I shook my head. I hadn’t been brave, just obedient—and terrified. Not of Stahl, but of failing. The police and the prosecutors and everyone else told me over and over again that I had to do it, that it was all on me.

We’d all identified Stahl, but there were questions about witness contamination with Liv and Cass. They’d given general descriptions right away, but they’d seen Stahl on the news before the official ID. I’d been unconscious during the televised arrest, untainted. So while all three of us testified, my words counted the most. I had to do it. Otherwise none of his victims would have justice, and he was an evil, evil man, and did I want him going free?

“I’m going to go home for a while,” I said. I hadn’t been certain until I spoke the words out loud.

“Home? You mean Chester? Why?”

“You know. See my dad. See Liv and Cassidy.”

“That makes sense,” he said, nodding. “Go back to the beginning. Full circle and all of that.
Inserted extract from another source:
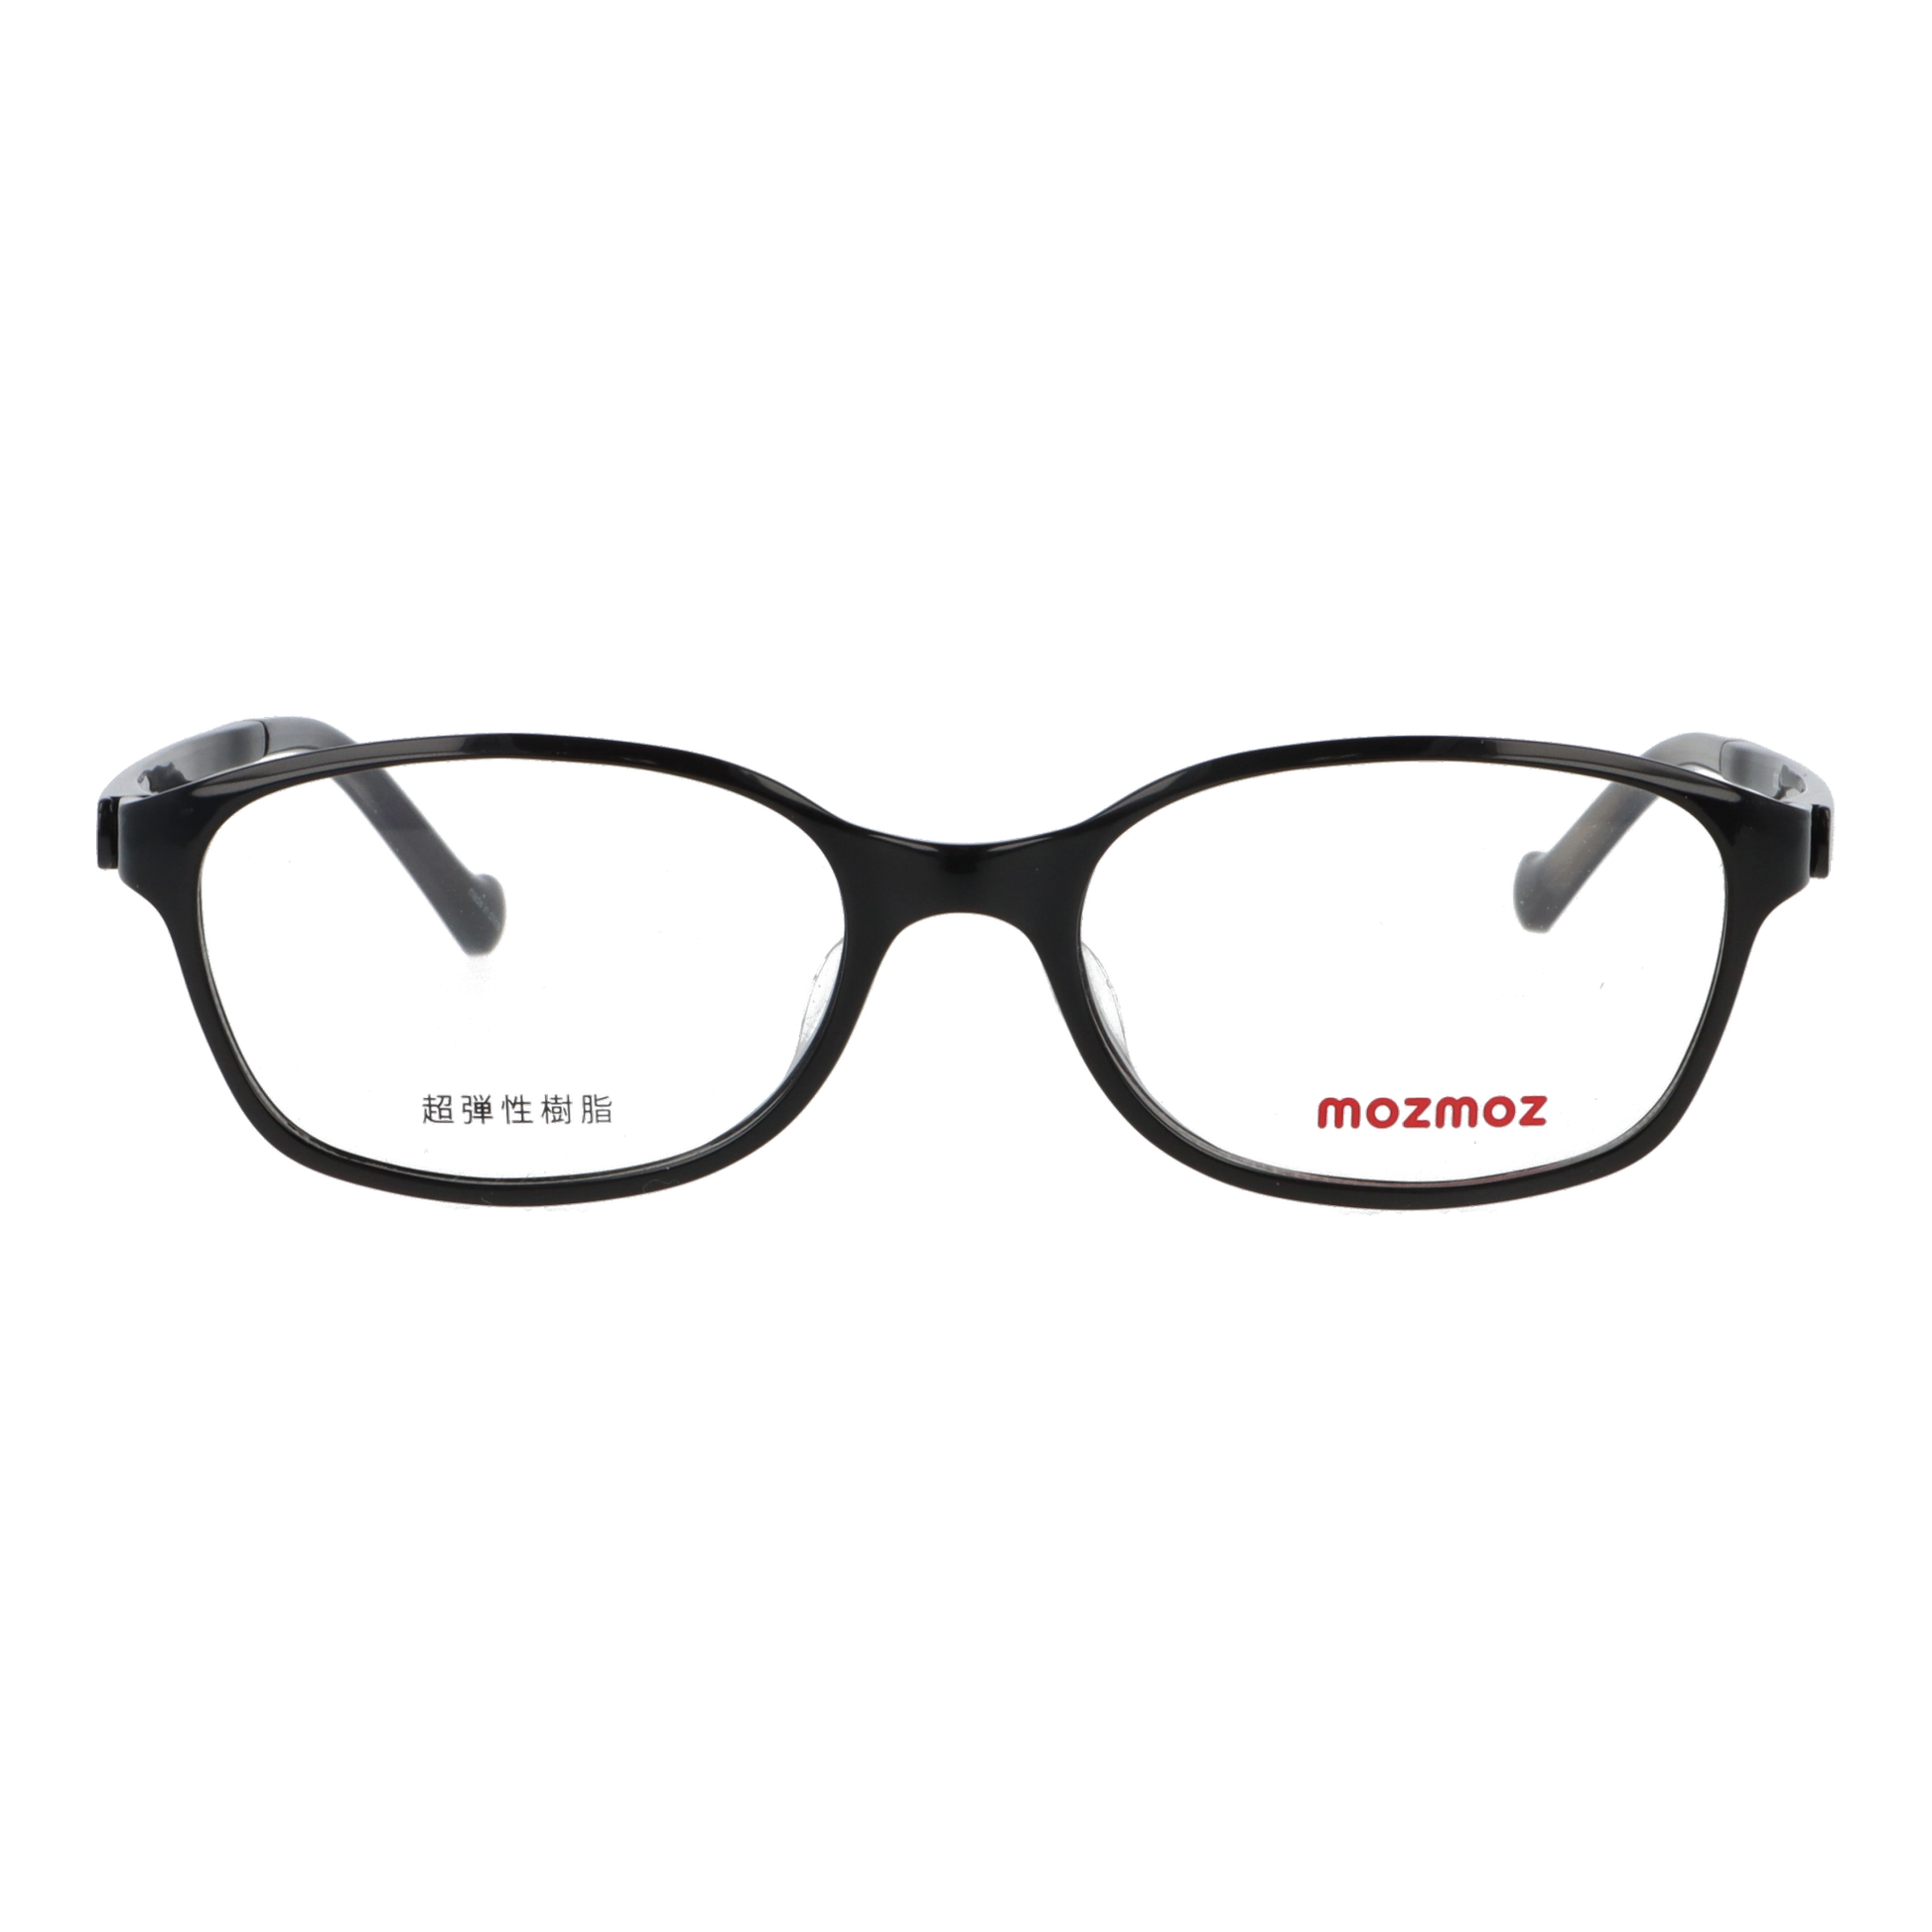 正面から見たアイウェア【軽量】こどもメガネ mo3001のカラーブラック

Get some closure.”

What does that even mean, you found her?

I’ll tell you, but only in person.

I’m not going back.

We owe it to her.

“Closure. Yeah. Something like that.”





We met on the first day of kindergarten. This was, of course, completely inevitable; Chester Elementary only had one class per grade. I was well aware when I sat down in the front row between Olivia Barnes and Cassidy Green that I was the moat between two opposing armies.

Cassidy’s dad, Big Jim, was the mayor of Chester and owned the last operating mill in town. One of the last in the whole county, in fact. Chester was a town that still sported signs reading THIS HOME SUPPORTED BY TIMBER DOLLARS, but increasingly those signs were a lie. The blame for this fell, fairly or not, on people like Marcus Barnes and his wife, Kimiko.

Kimiko was a biologist, Marcus an environmental lawyer, and between the two of them they represented everything Chester hated. After they moved to town, they woke up one morning to find a spotted owl, neck broken, dumped on their doorstep. They’d had their tires slashed while they were eating at the family restaurant in town, and Kimiko had fielded more than one racist and obscene call.

The truth was that by the time they arrived the era of plenty was over for the logging industry in the Pacific Northwest. The Olympic National Forest belonged to the owls, whether Chester liked it or not, and it wasn’t Marcus and Kimiko Barnes who’d made that happen. But the grief and fear of a dying town didn’t care about logic. Liv started that first day already an outcast.

Nobody hated me or my family the way they hated hers, but I was almost as much of an outsider as she was. I was the girl with divorced parents. The girl with holes in her clothes and a stale smell. Mom was a floozy who’d walked out and Dad was a lazy drunk who could barely hold down a part-time job at the bar, and no one expected me to turn out any better.